- [TASK TO COMPLETE] Nothing but the pictures should be dropped; repeat the rest of the data below exactly.

Start of DATA SEGMENT

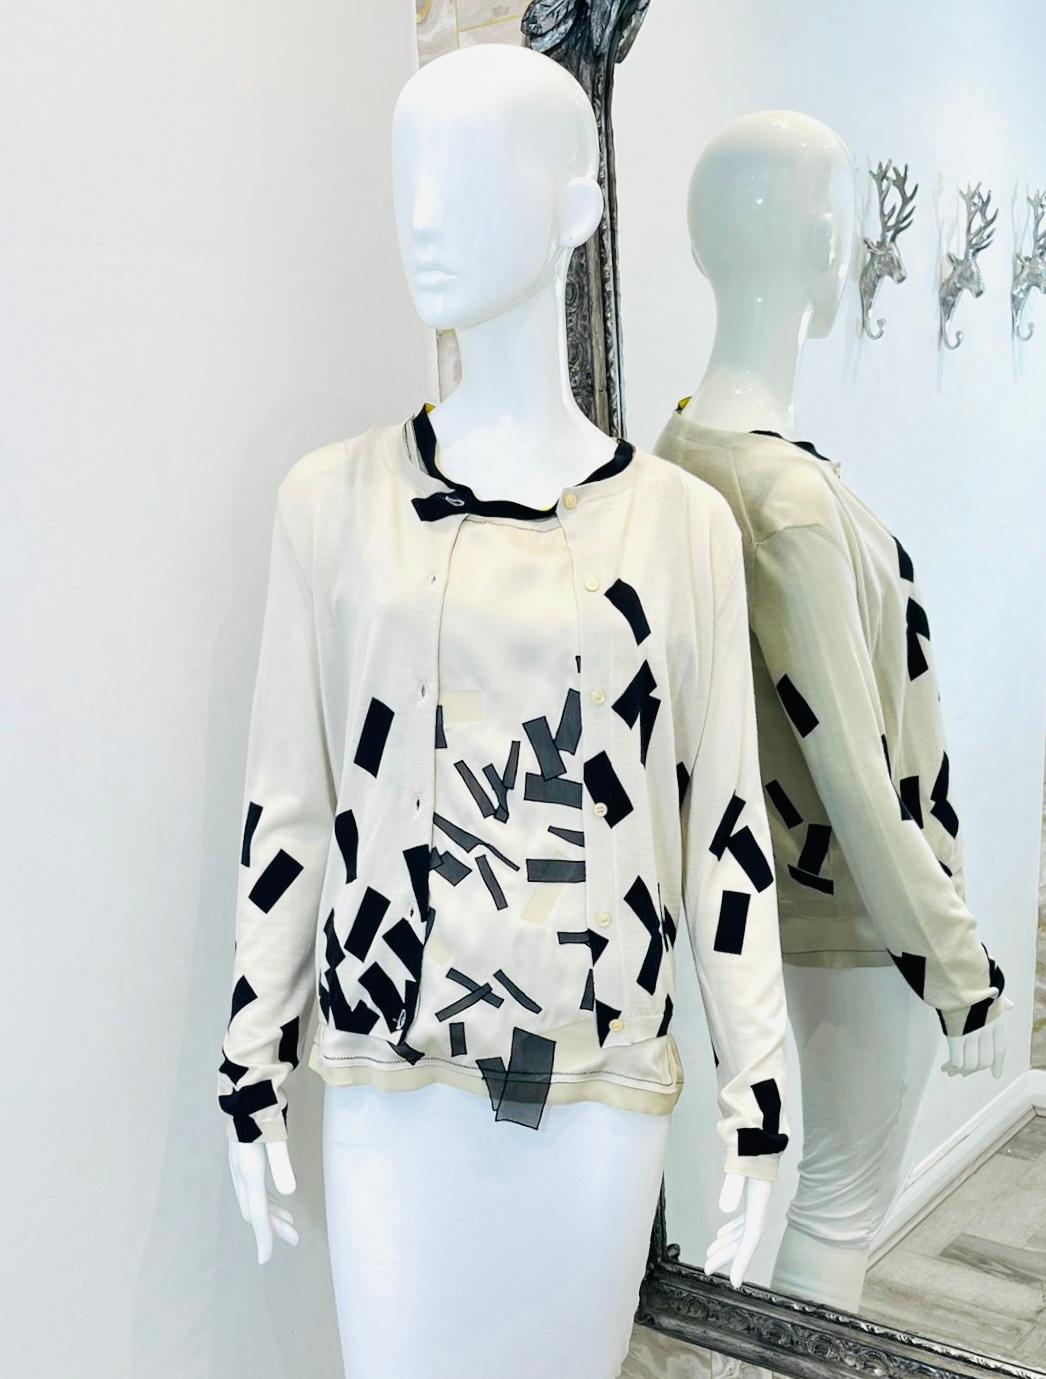 Bottega Veneta 3D Layered Silk & Cashmere Printed Top & Cardigan Set

Ivory set designed with black geometric prints to the front.

Sleeveless top styled with 3D layered effect detailed with black trimmings to the round neckline and shoulders with

End of DATA SEGMENT

- [PROBLEM SOLUTION]
 Bottega Veneta 3D Layered Silk & Cashmere Printed Top & Cardigan Set

Ivory set designed with black geometric prints to the front.

Sleeveless top styled with 3D layered effect detailed with black trimmings to the round neckline and shoulders with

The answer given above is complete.